“The partisan strife in which the people of the
country are permitted to periodically engage does not tend to the development
of ugly traits of character, but merely discloses those that preexist.”— American
short story writer and journalist Ambrose Bierce (1842-1914), on election
campaigns, in his “Prattle” column, Nov. 8, 1884
No truer demonstration of Bierce’s observation
exists than the controversy over the Brett Kavanaugh nomination to the Supreme
Court. The only thing that both sides seem to agree on is that his confirmation
today by the Senate has opened a new vein of ugliness in American politics.

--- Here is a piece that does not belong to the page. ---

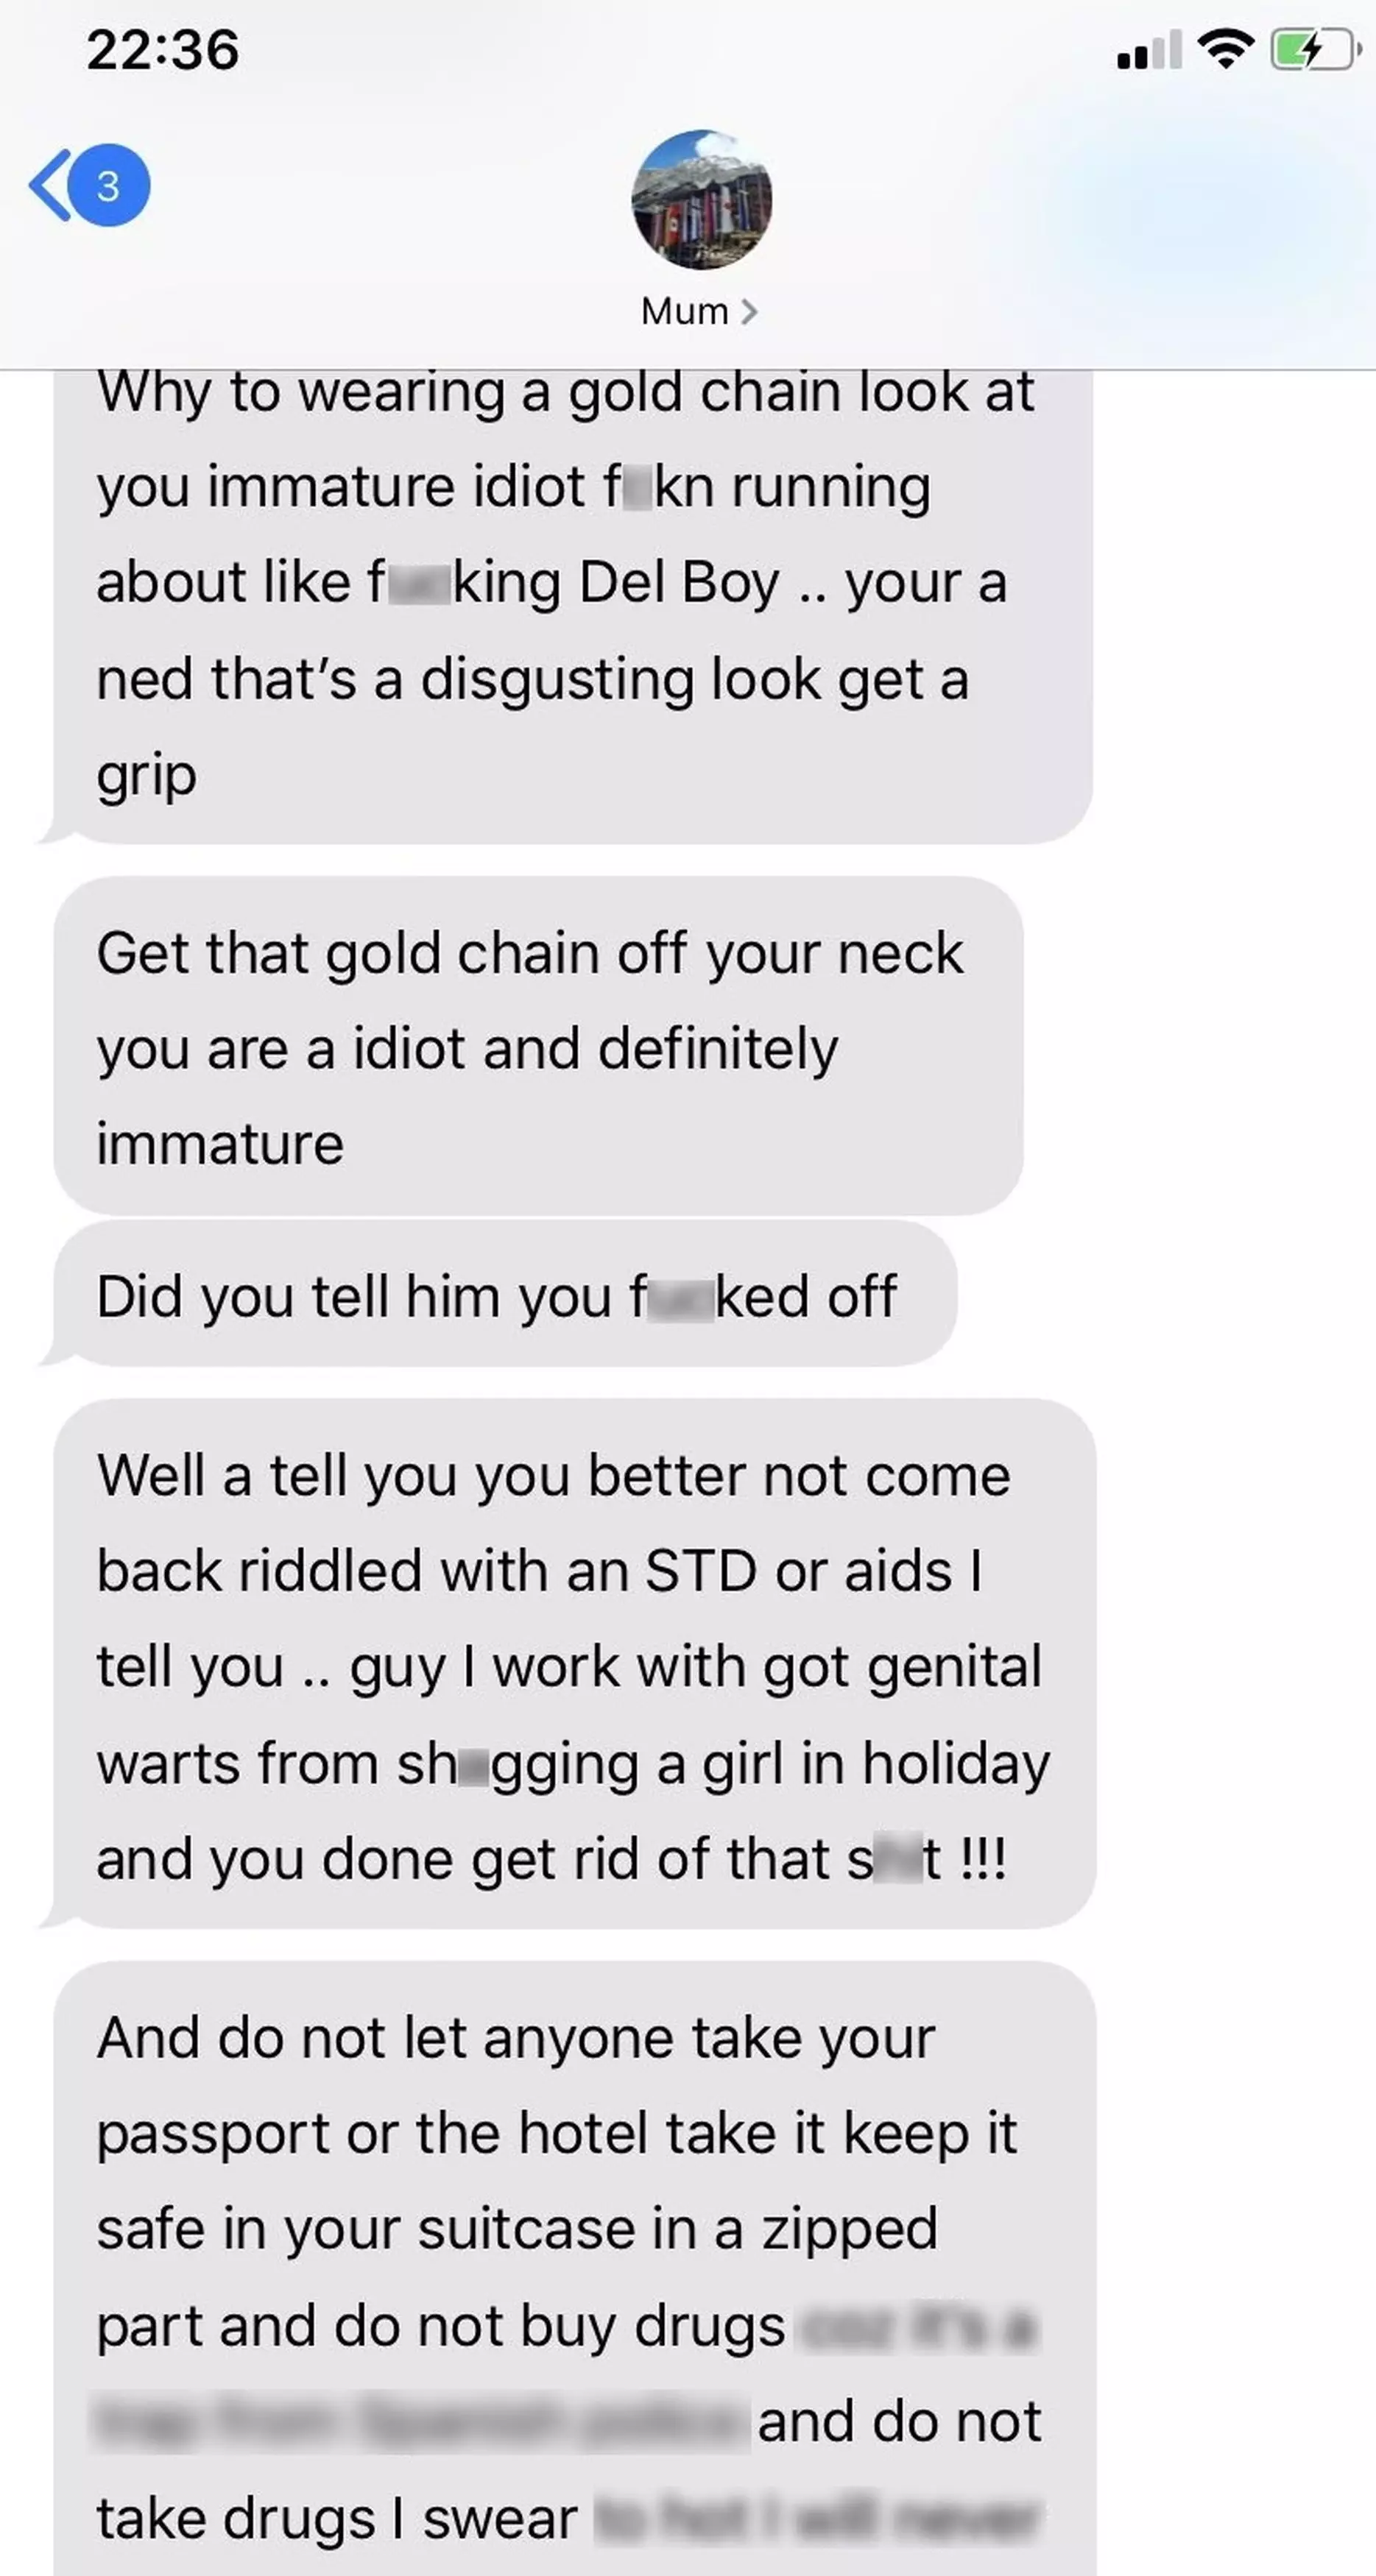 The messages from his mum.
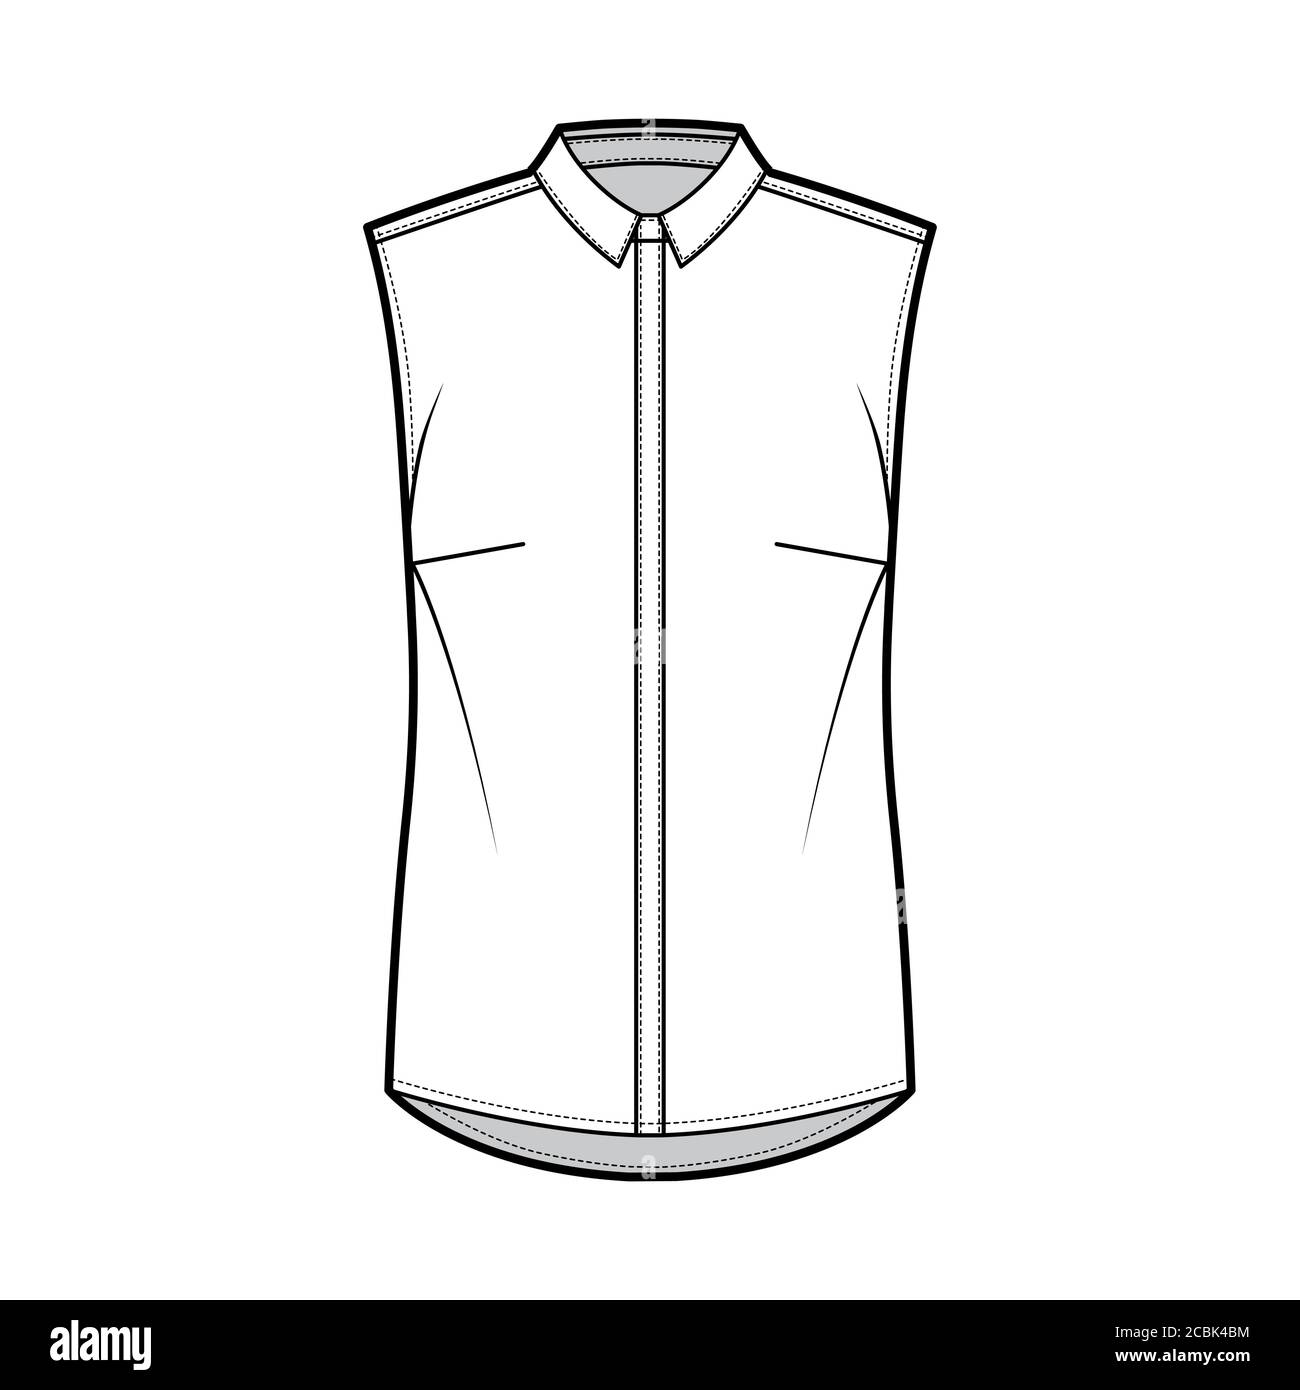 Shirt technical fashion illustration with neat, slim collar, front concealed button fastenings, slightly loose silhouette. Flat apparel template front, white color. Women, men unisex top CAD mockup Stock Vector

Each side might insist that it did what it had to
do, but neither really covered itself in glory. It will be impossible for the
Democrats to escape the suspicion that it waited until the last minute to
introduce Christine Blasey Ford’s accusation against him, after they saw taking
his nomination apart on the basis of ideology, as with Robert Bork, was gaining
no traction. At the same time, the GOP showed, by not even bringing to a vote
the nomination of Merrick Garland, that it had no scruples at all when it came
to power politics—quite simply, they blocked any action at all on him because they could.
For the foreseeable future, I think we are going to
see confirmation votes almost as razor-thin as this one. The whole process has
become consumed by “partisan strife”—and strife over single issues, at that. I’m
afraid that it will take a disaster for the two sides in Congress to talk to
each other again.
We are not a better nation after all of this.